Benefícios e contraindicações do Implanon

Segundo Elyade Nelly, apesar de algumas restrições, o método é indicado para grande parte das mulheres. “O Implanon tem uma taxa de eficiência que chega a cerca de 99%, semelhante ao DIU. São os dois métodos mais eficazes. Eu costumo dizer que o Implanon pode ser ainda mais eficaz porque permanece fixo, enquanto o DIU pode se deslocar. Entre todos os métodos, é um dos mais seguros”, garante.

Benefícios:

  • Alta eficácia contraceptiva: é um dos métodos mais eficazes na prevenção da gravidez;
    • Longa duração: o implante atua no organismo por até três anos;
    • Praticidade: não exige uso diário ou mensal, nem intervenções durante o período de funcionamento;
    • Método reversível: após a retirada do implante, a fertilidade retorna rapidamente;
    • Substituição imediata: ao final dos três anos, o implante pode ser retirado e um novo pode ser inserido imediatamente pelo SUS, caso a usuária deseje continuar utilizando o método;
    • Mais autonomia para a usuária: por não depender do uso correto e contínuo, reduz o risco de falhas comuns em métodos como pílulas ou injetáveis;
    • Classificado como LARC: faz parte dos contraceptivos reversíveis de longa duração (LARC), considerados mais eficazes no planejamento reprodutivo.

Contraindicações:

De acordo com a bula, o Implanon é contraindicado para mulheres com:

  • sangramento vaginal não diagnosticado;
  • doença hepática grave ativa ou histórico recente;
  • presença ou histórico de tumor hepático;
  • distúrbio tromboembólico venoso ativo;
  • hipersensibilidade à substância ativa ou a qualquer componente do medicamento.

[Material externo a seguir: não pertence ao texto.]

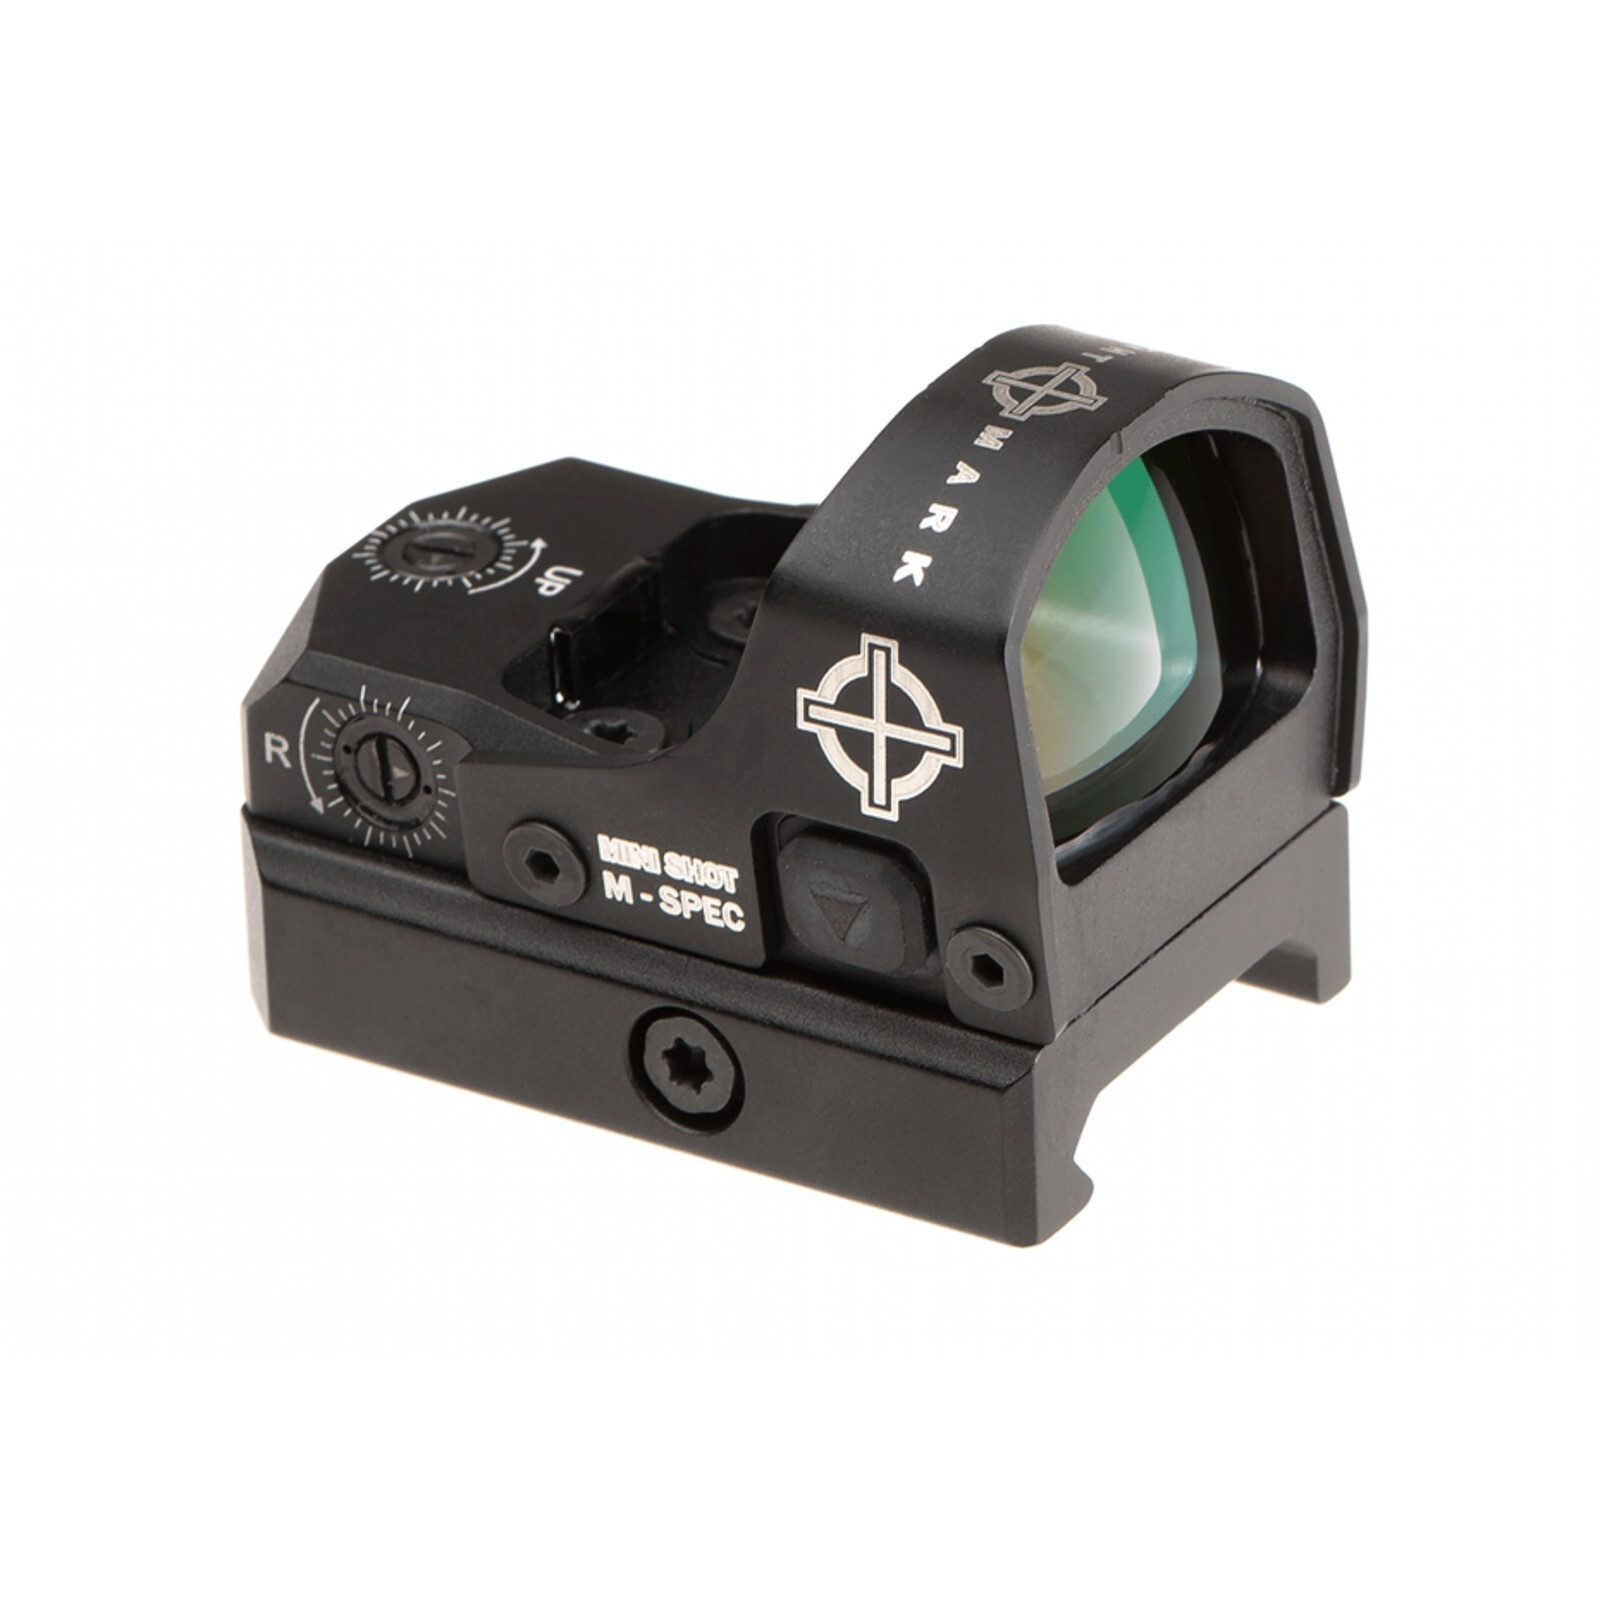 Mini Shot M-Spec FMS Reflex Sight Black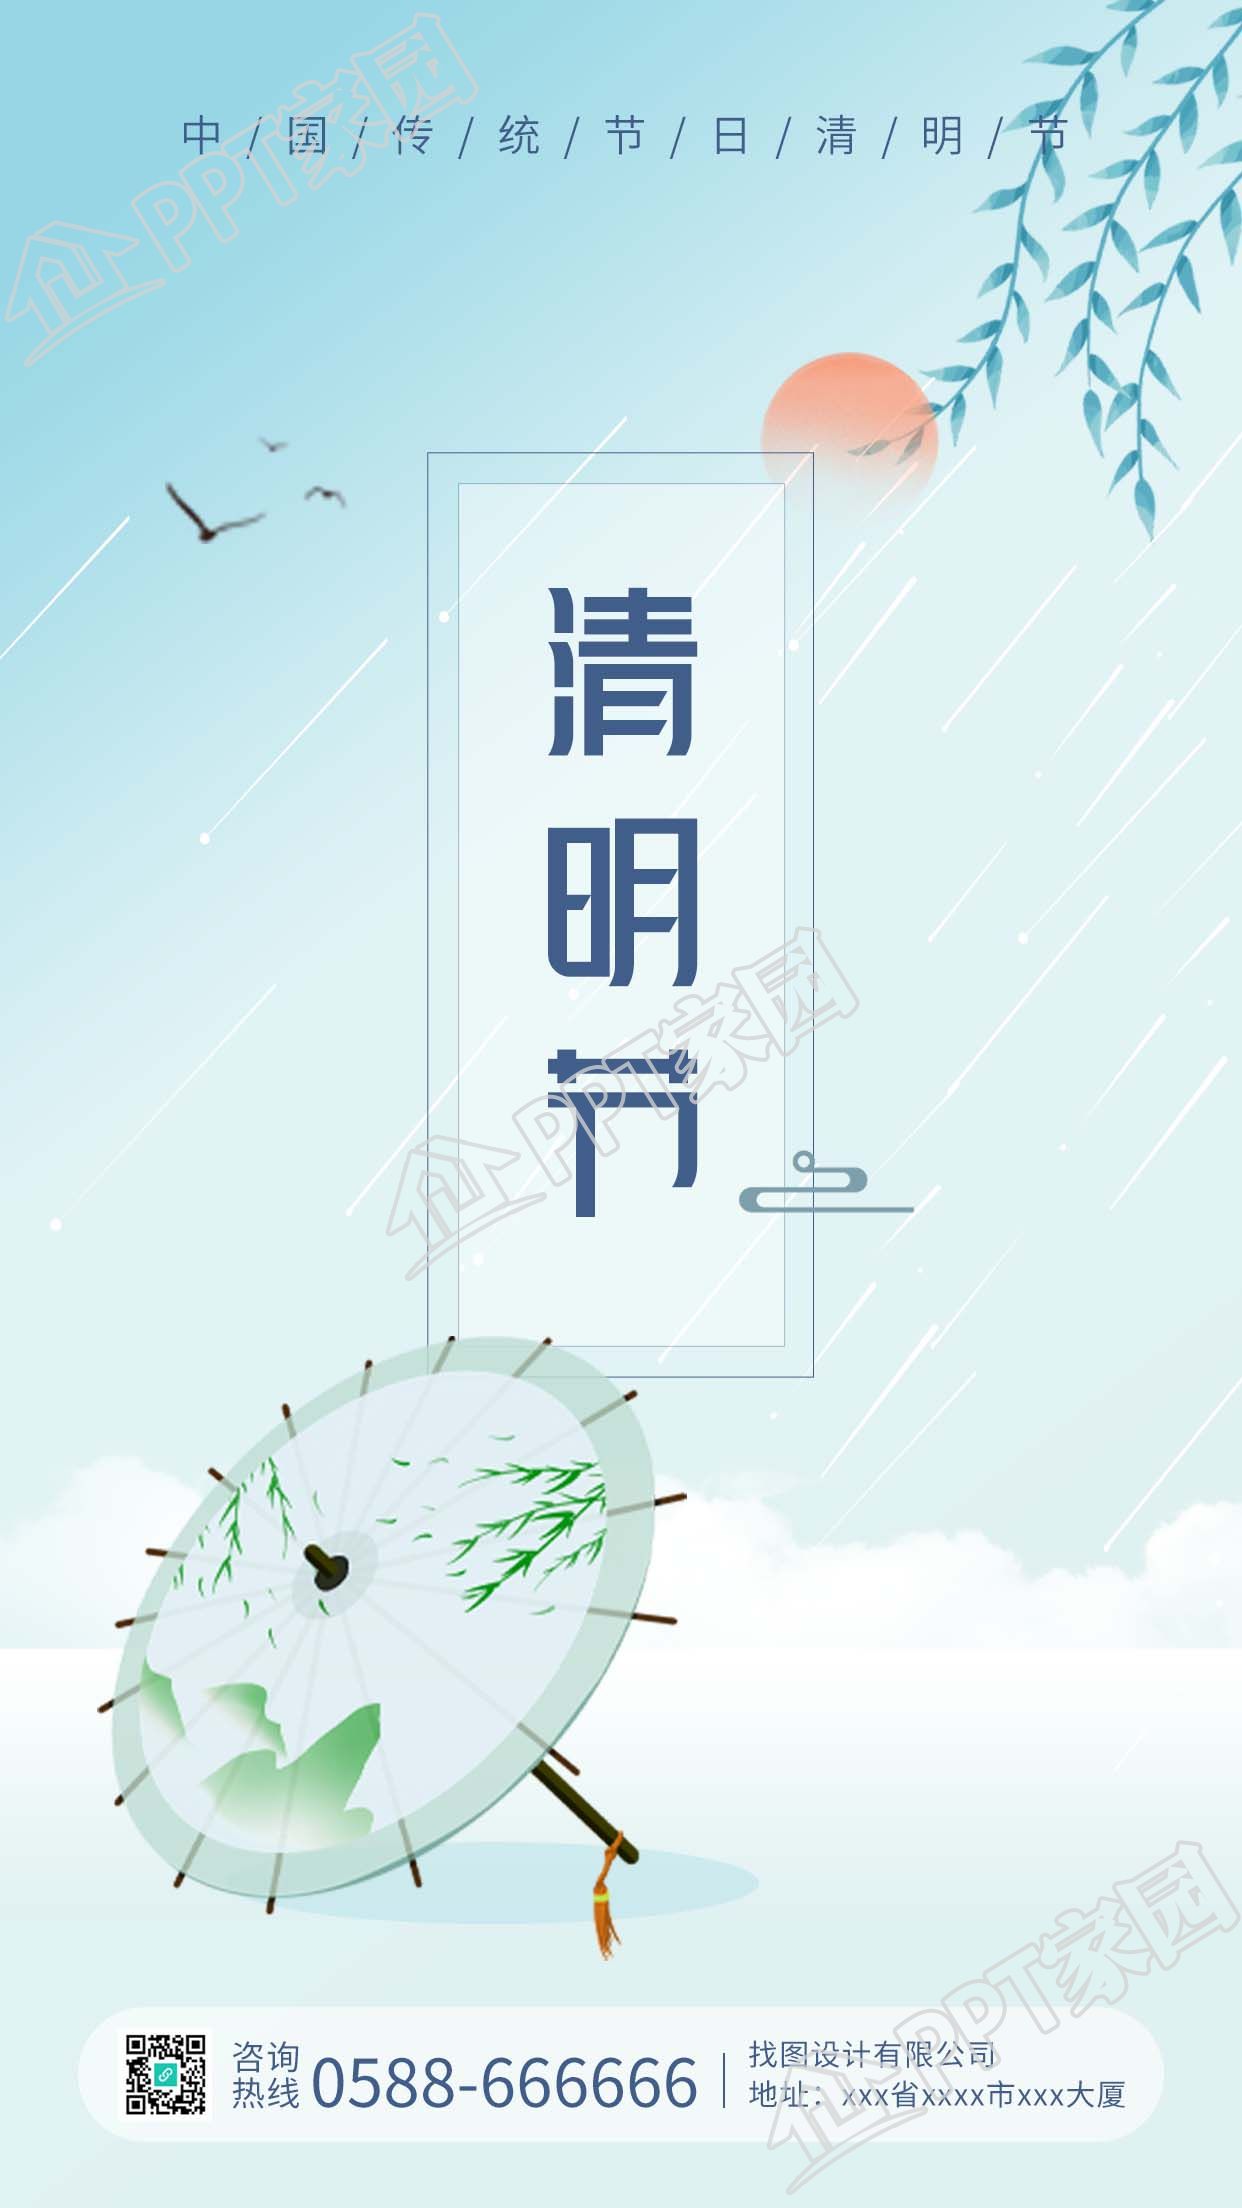 中國風清明節傳統節日圖片手機海報下載推薦

Demais métodos contraceptivos no SUS:

Antes de mais nada, é importante lembrar: somente os preservativos oferecem proteção contra infecções sexualmente transmissíveis (ISTs).

Em relação aos métodos contraceptivos disponíveis atualmente no SUS, o DIU de cobre é classificado como LARC (contraceptivos reversíveis de longa duração), junto com o mais recente Implanon.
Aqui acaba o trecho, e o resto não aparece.